Lake in Chachapoyas Province, Amazonas, Peru

Laguna de las Momias (Lagoon of the Mummies), also known as Laguna de los Cóndores (Lagoon of the Condors) is an archaeological site located in Leimebamba, Chachapoyas province, in the Amazonas Region of Peru, excavated by the archaeologist Federico Kauffmann Doig. The site is called Lagoon of the Condors because the people who found the lagoon would see these birds soar near the lagoon; it also obtained the name Lagoon of the Mummies because of the mummy findings around the area. The Chachapoyas were an old civilization that was located in the northern forest in the time of 900 a.c. This culture had been unknown by archaeologists for hundreds of years until the mummies appeared.

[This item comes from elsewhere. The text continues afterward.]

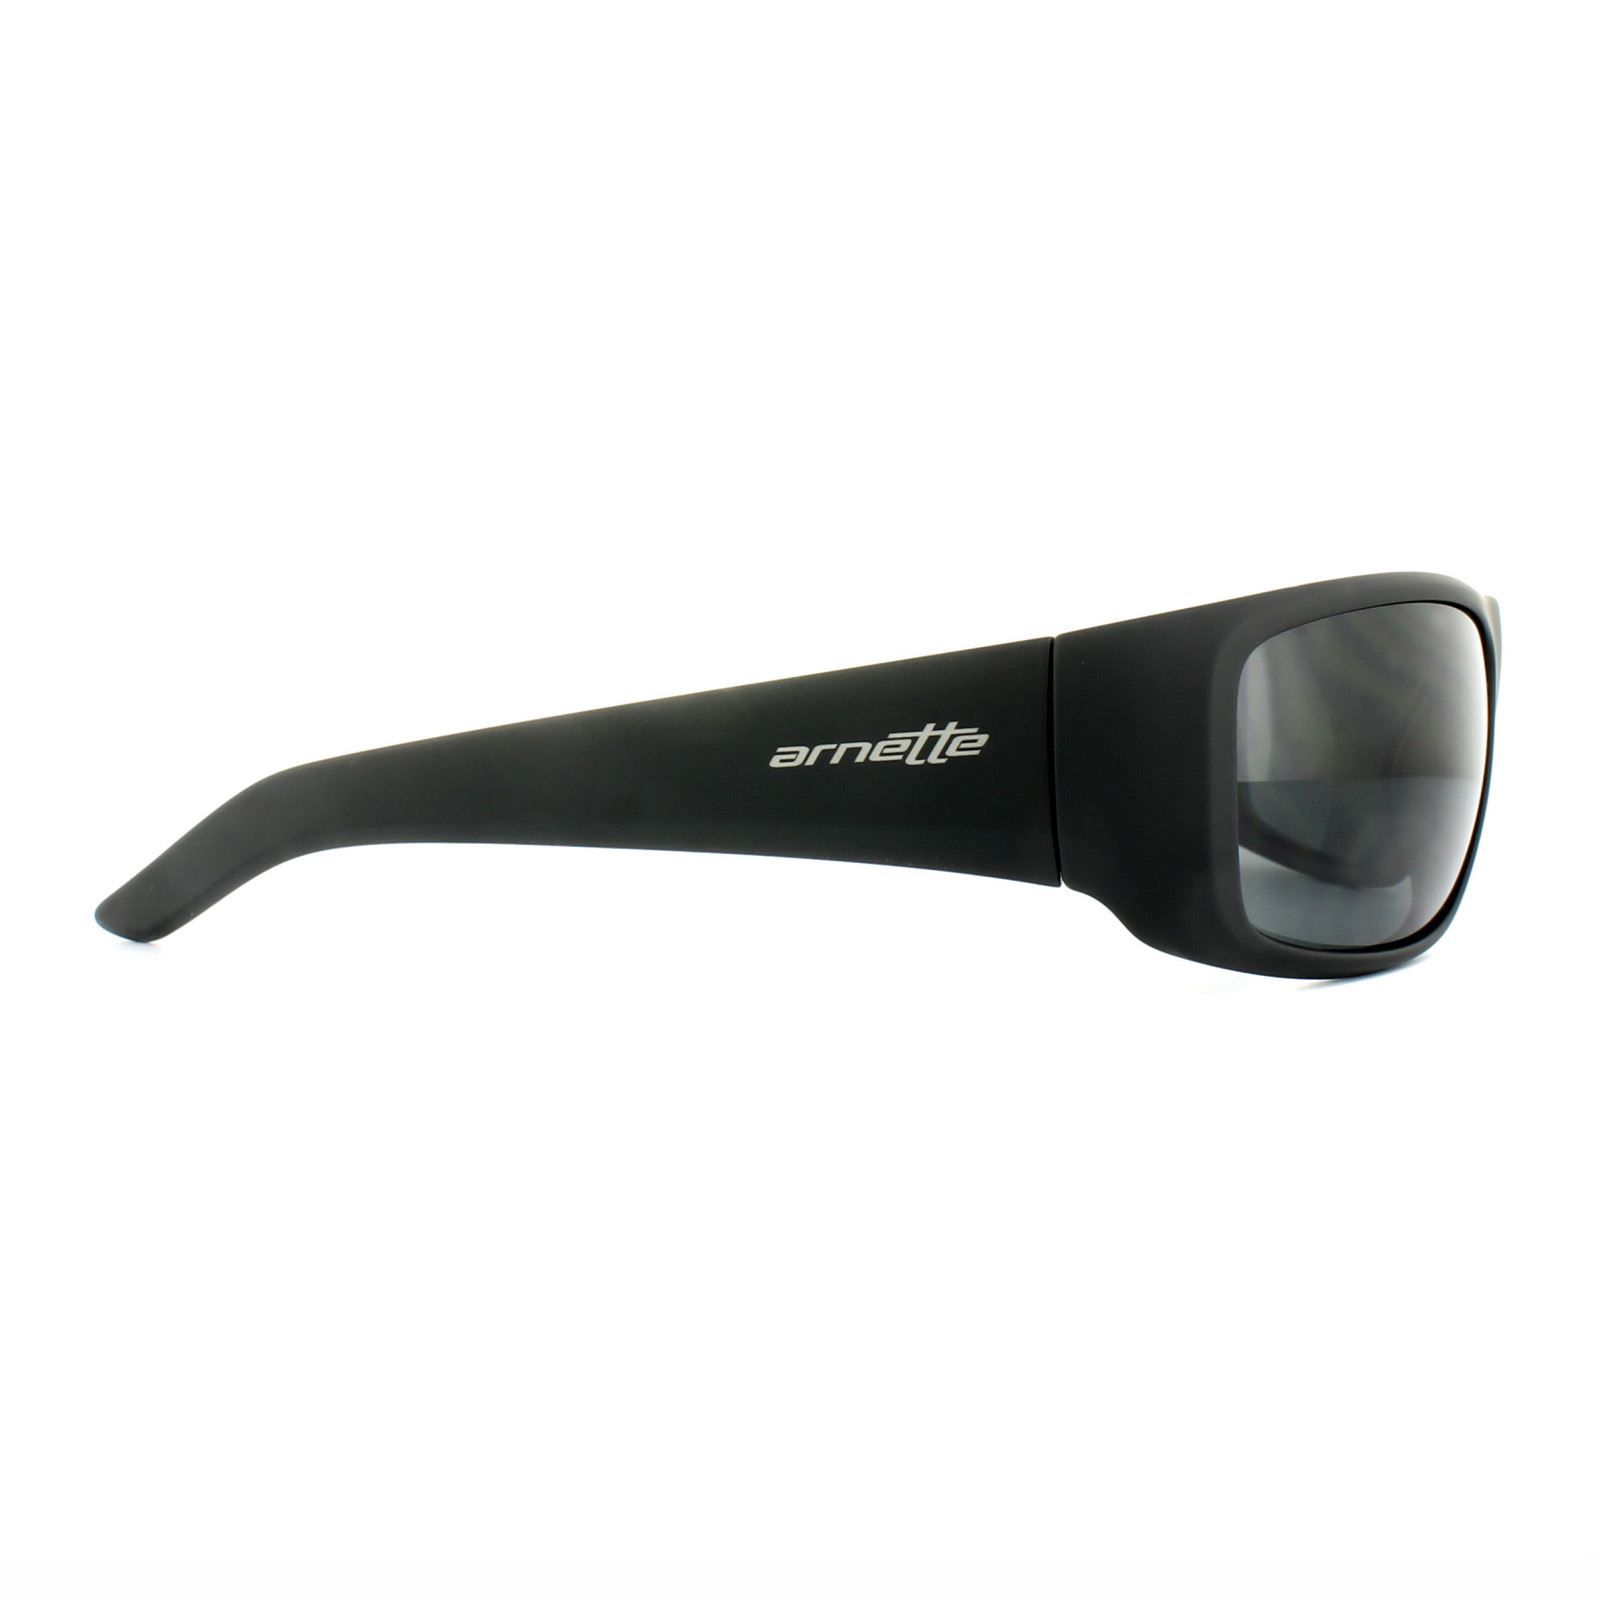 Arnette Sunglasses Hot Shot 4182 219687 Fuzzy Black Graphics Inside Grey

It contains many mausoleums that occupy a natural cave with difficult access, sculpted in the wall of a craggy rock emerging from a lagoon.

Each funeral deposit contains a mummy in a seated position, wrapped in both flat and decorated textiles. In the Lagoon of the Mummies there were ceramics and other artifacts found tracing back to the Incas. When excavating the Lagoon of the Mummies, there were six mausoleums found, each consisting of cube-shaped enclosures next to each other in a row. The tombs were housed in caves with paintings on the walls related to the mausoleums and containing indecipherable symbols. The enclosures were built with only three walls, the fourth being the rock wall. The enclosures had two floors and a window on the top level. The window's purpose was to recirculate the air to prevent the mummies from being damaged by moisture. The mummies have unique coffins with the design of a human faced stitched on them. Based on the size of the funeral, it appears that they were of small creatures. The mummification process was done with sophisticated techniques in order to preserve the bodies due to high humidity in the Amazon Andes. In the tombs were various cultural objects, such as pottery, textiles, wood carvings the size of statues, clothing, silver, personal ornaments, and even ceremonial objects.

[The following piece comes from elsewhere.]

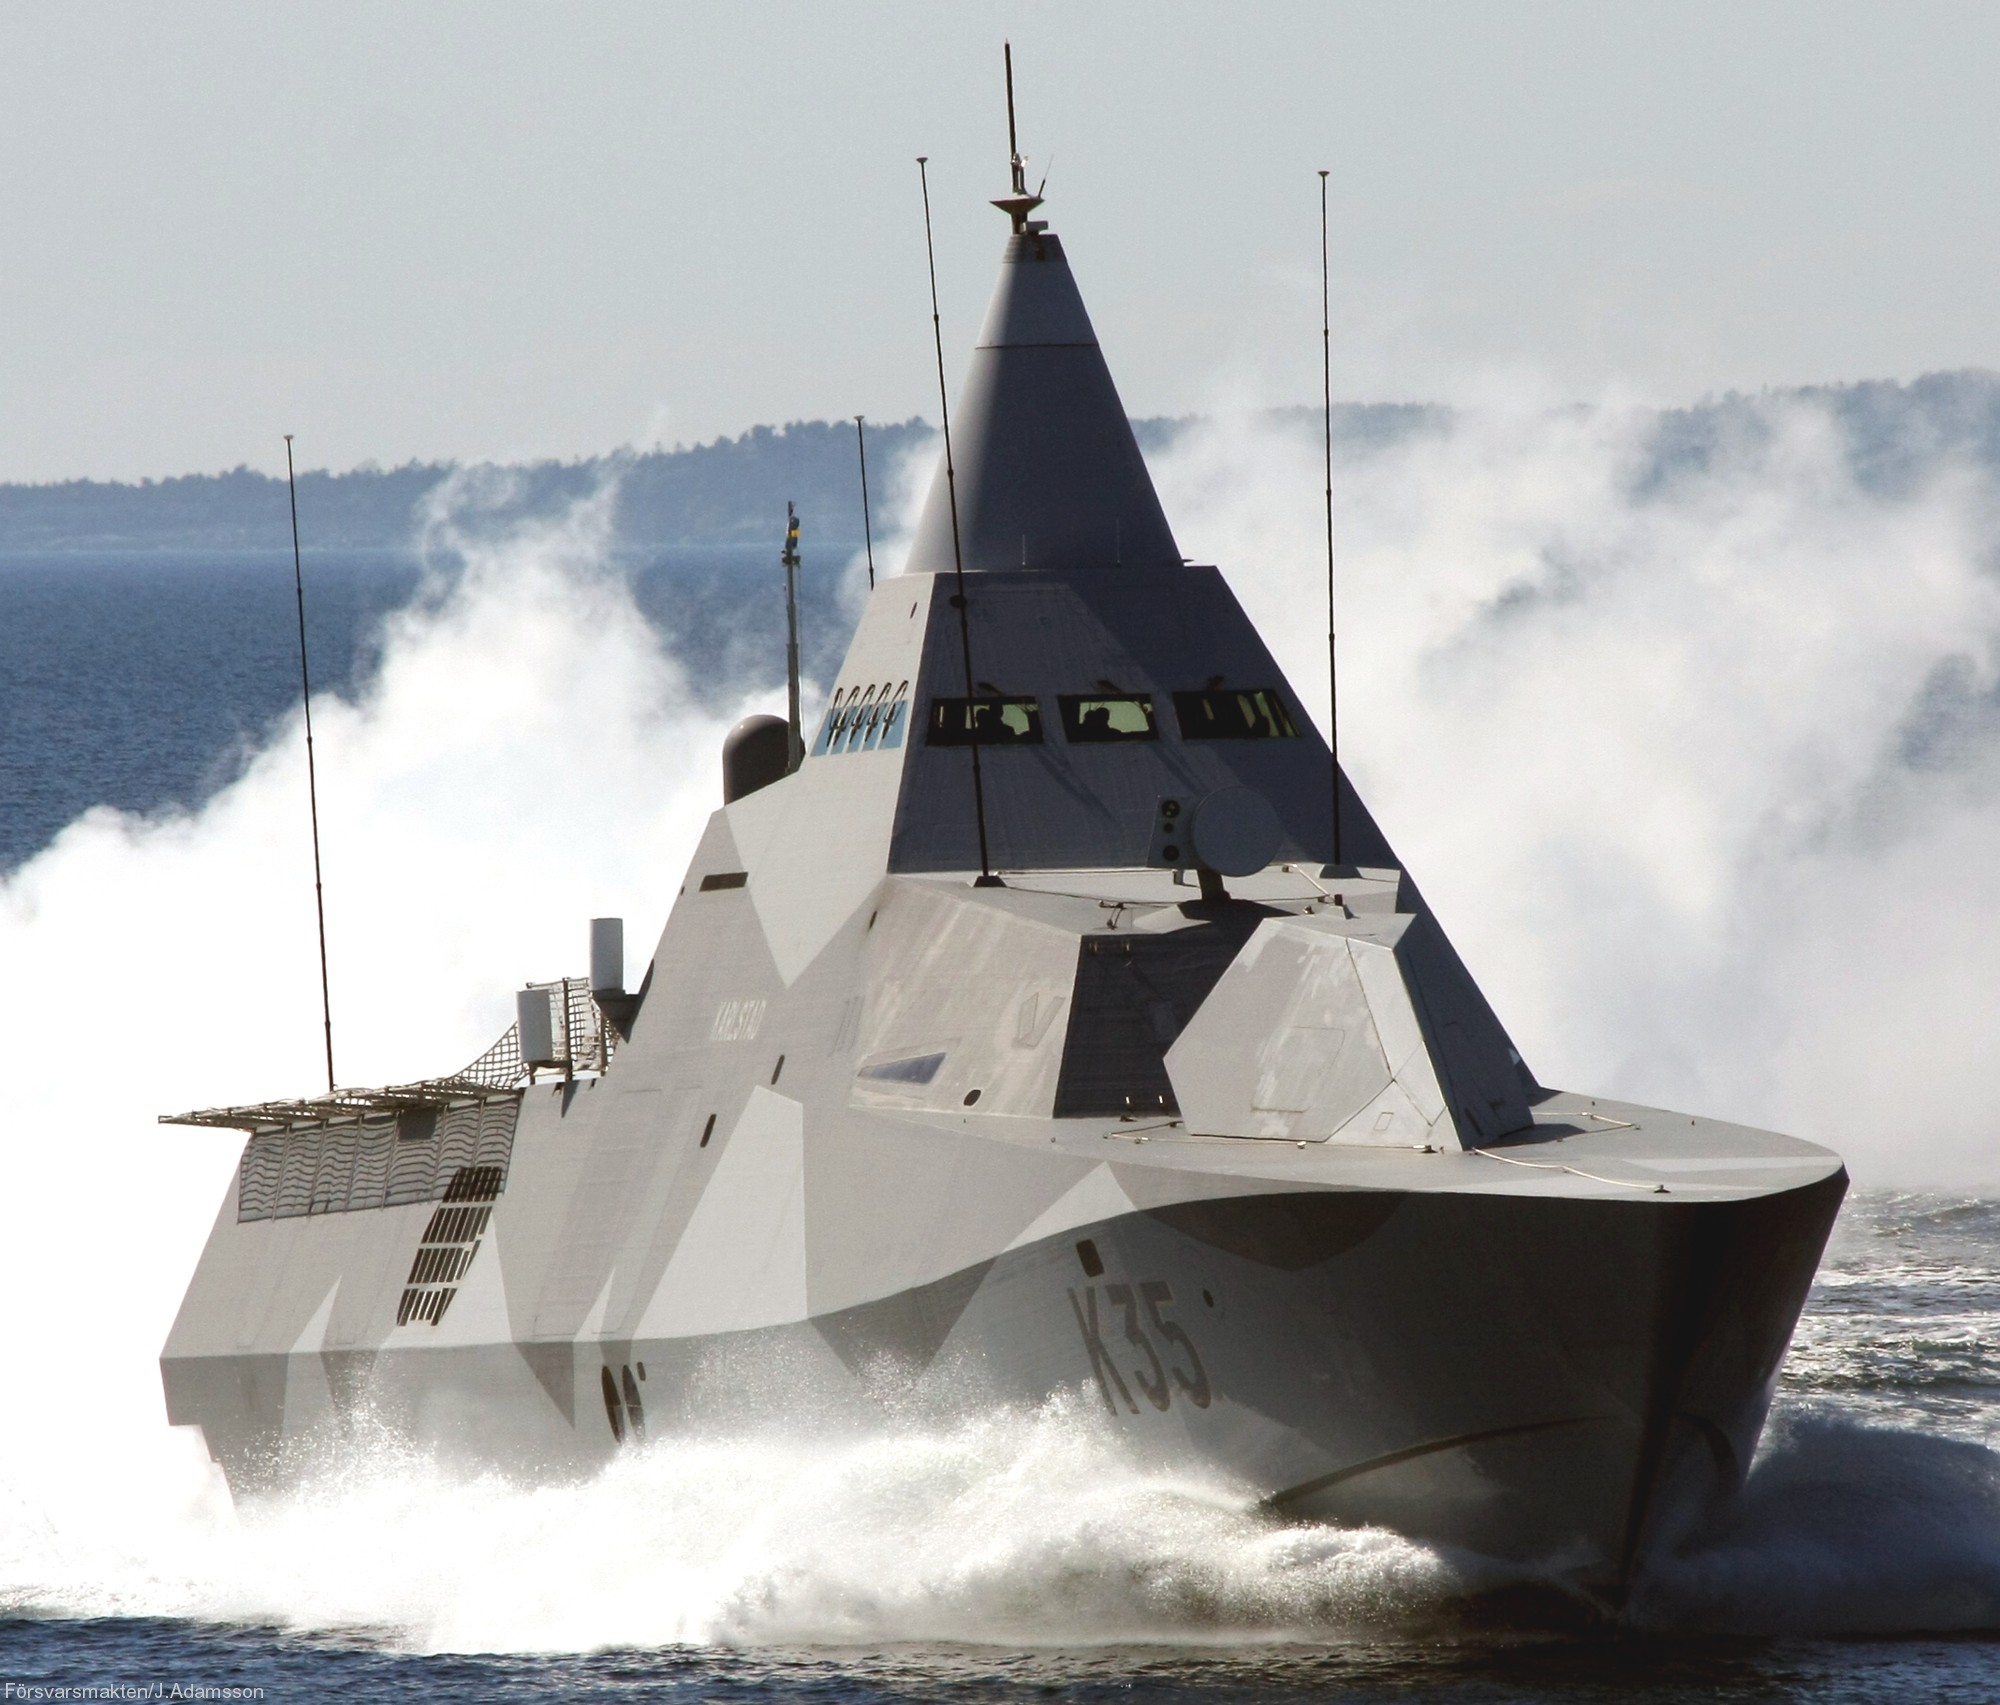 k35 hswms hms karlstad visby class corvette royal swedish navy svenska marinen 09

The mausoleums of the Lagoon of the Mummies were replete with funeral deposits, approximately two hundred; high-ranking individuals were buried there. During Inca domination of the region, officials from Cuzco, the Inca capital, resided in Cochabamba. In the 1990s, artifacts were stolen by looters. Although the robbers were later arrested, the end result was that many of these mummies were destroyed and others damaged.

In 1997, a survey of the damage was taken by archaeologist Peter Lerche on the behalf of Peru's National Institute of Culture. There was an initial estimation of around 70 mummies to have been present on the cliff edge (it was later discovered that there was actually over 200 bundles of mummies). Later salvaging revealed that there were others who had damaged the site other than the ones who initially hacked into the tombs and stole artifacts. These were caused by tourists and looters over time visiting the cliff, moving mummies to take pictures as well as taking artifacts as souvenirs. Due to the mummies being moved around, many of them were damaged, with some of them even exposed to the rain, completely decaying them.